Capricho meteorológico e golpe de vista
Caixa das Preciosidades: corpete, 1946
Uma senhora baixa desce do eléctrico, cabelo recolhido sob chapéu sóbrio e pequeno véu sobre a face, com adolescente crescida, cabelo solto, comprido e ondeado. Uma mãe e sua filha, lado a lado. Um vulto escuro e o brilho de um alegríssimo amarelo estampado, corpete cintado com botões grandes madrepérola e saia rodada, certamente com saiote que quebra a transparência dos quatro lenços que assim unidos formam o fresco vestido. Isto viu Carlos que deixa a esquina onde pára e anda. Um jovem magro e alto de cabelo escorrido passa rente e Júlia fita-o, julgando-se tão discreta que crê que só ela terá notado a proximidade dos corpos indo em sentidos contrários, enquanto ele estaca com a certeza de que o seu olhar foi correspondido. Cumprem, a mãe de braço apoiado na filha de amarelo estampado, o passeio dos tristes, sobem 31 de Janeiro sem nada mais retido na memória, mas o jovem magro e alto de cabelo penteado que se fora na direcção dos Clérigos reaparece aqui no cimo da rua por golpe mágico a atravessar à nossa frente e por entre um rubor mal disfarçado chocam-se os olhares, o ar rarefaz-se e já se afastam outra vez cada um por seu caminho, o resto do passeio em desassossego numa desatenção total às montras e às modas.
A hora do
regresso, o eléctrico de Paranhos, o costume. Meia hora de viagem a baloiçar
nos carris desnivelados pelas raízes das alamedas ou pelos solos que cedem
às chuvas, colar pensativa o nariz ao frio da janela como em criança,
regressam a pé muitos que não ganham para o passe, mais uma paragem, entram e
saem passageiros, Paranhos Fim de Linha é a próxima, já se avista. Caminham, ao
fundo hão-de virar à esquerda e subir a pequena ladeira até casa, mais uns
passos de novo, nítidos, tão rápido se volta que não está certa se viu o que viu, a uma
cautelosa distância ele procura pisar sem barulho, abranda, moram
ali, isso, acende um cigarro, ela corre
escadas acima, corre até à janela do quarto, ali ele, alto e
magro, atira uma nuvem de fumo por
onde espreita, ela por detrás da cortina afasta-a com a mão, a cara aproxima-se da luz, ilumina-se um sorriso brevíssimo, ai dos que não obedecem à doce voz maternal, a mão acena ou desprende-se enquanto a
cortina desce e se esfuma um rasto de ouro estampado.

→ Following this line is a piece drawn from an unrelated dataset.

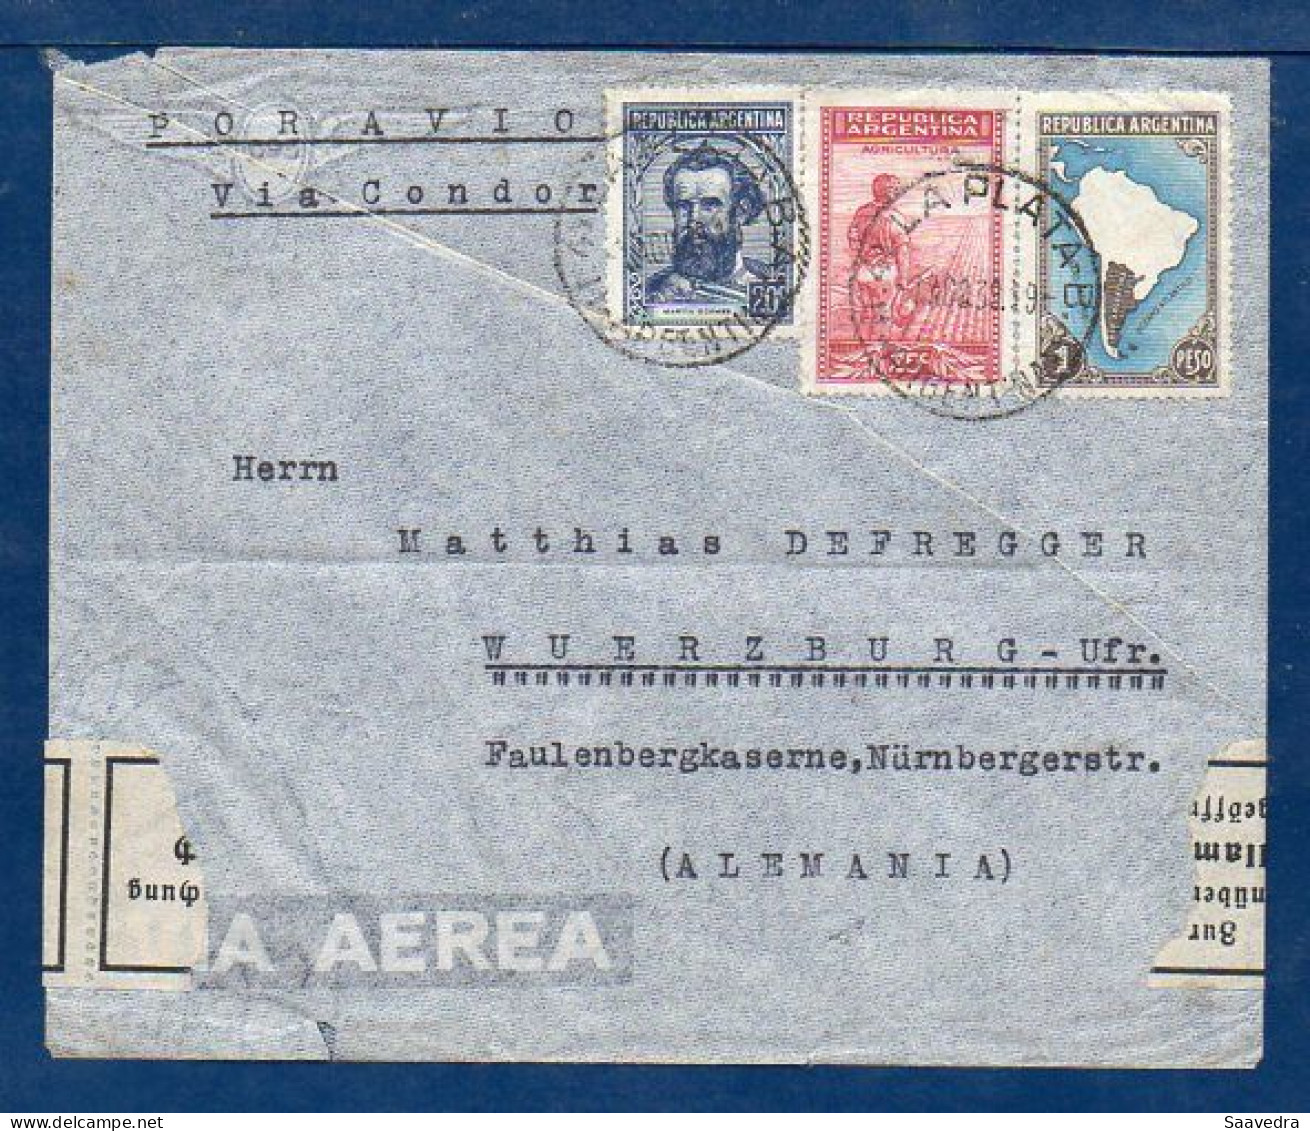 Argentina To Germany, 1939, Last Flight To Europe Via Condor, Flight L-480, Currency Censor Tape, SEE DESCRIPTION  (040) - Posta Aerea

E aqui eu arrisco a tese de que não fora aquela
tarde anormalmente quente pedindo roupa leve, não fosse o requinte do avô no
desenho dos seus lenços e a destreza da costureira, não fosse o brilho do
amarelo estampado fazendo sobressair a
jovem passageira apesar da distância à esquina de vigia, não fosse a conjugação
de tudo isto e mais actos num mesmo preciso instante e não estaria eu agora a
efabular sobre os mistérios da vida.